This final milestone received far less international media coverage than the release of the last living hostages in October 2025, an event that had a noticeable impact on the digital landscape. As we found in a student-driven project at the Social Media & Hate Research Lab at Indiana University’s Institute for the Study of Contemporary Antisemitism, antisemitism dipped on X and TikTok the day those living hostages were released. But the respite was short-lived.
Social media has become a toxic environment for Jews. The sheer volume of hateful commentary on anything Jewish — from current events to the Holocaust — is staggering. But to view these platforms as merely “loud” is to miss the more dangerous reality: social media is today’s primary tool for disseminating antisemitism and, increasingly, for mobilizing it.
Our research shows that social media is being used to politicize antisemitism and coordinate action across ideological boundaries. What often appears as a spontaneous burst of passion — such as student activism on campus — is frequently the result of a highly networked digital infrastructure.
In our lab’s study on the “Rhetoric of Resistance,” we tracked the online networking of anti-Israel campus groups across the United States. The findings are a wake-up call for university administrators and policymakers: these groups are not operating in isolation. They have built a wide network of off-campus organizations and individuals, allowing them to synchronize messaging and amplify radicalized narratives at an unprecedented scale.
We are seeing a shift toward language that mirrors the rhetoric of designated terrorist organizations.
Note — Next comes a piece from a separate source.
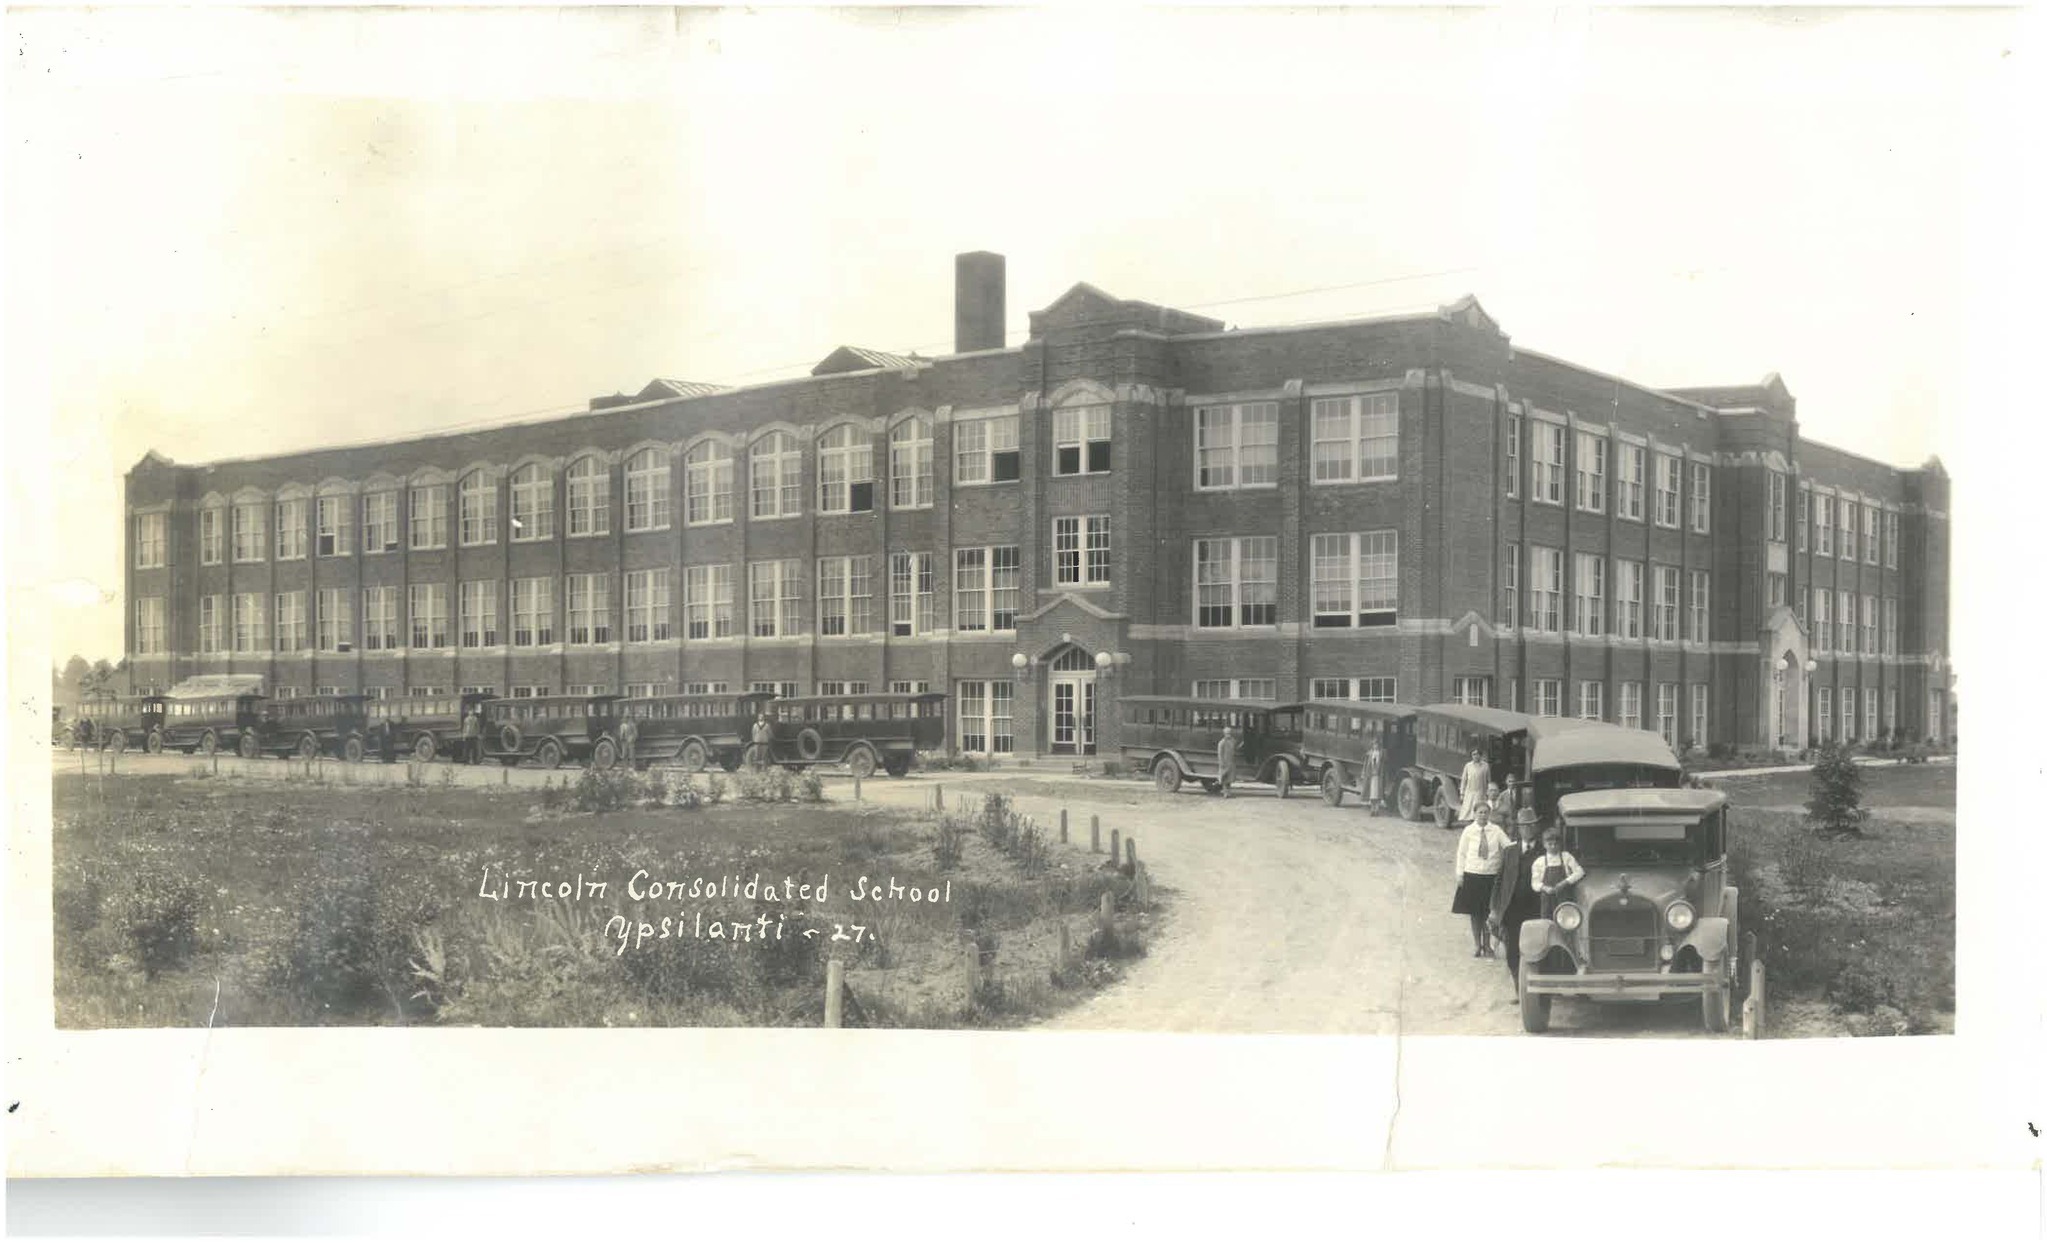 1927 School with Busses

Slogans that deny a people’s right to exist or that justify violence are no longer fringe; they have been moved into the mainstream of campus discourse through coordinated digital amplification, often expressed in snippets, coded phrases such as talk about “Jewish power,” “Zionist evilness,” or even slogans such as “Free Palestine,” which has become a battle cry.
One of the most troubling patterns our student coders identified is how specific types of political commentary function as “gateways.” While many users believe they are simply criticizing a government’s policy, our data shows that totalizing, categorical condemnations — framing an entire nation as “genocidal” or a “terrorist state” — are most strongly associated with antisemitism. In contrast, humanitarian-focused themes, such as the suffering of individual Palestinians, showed a much less consistent association with anti-Jewish hate speech.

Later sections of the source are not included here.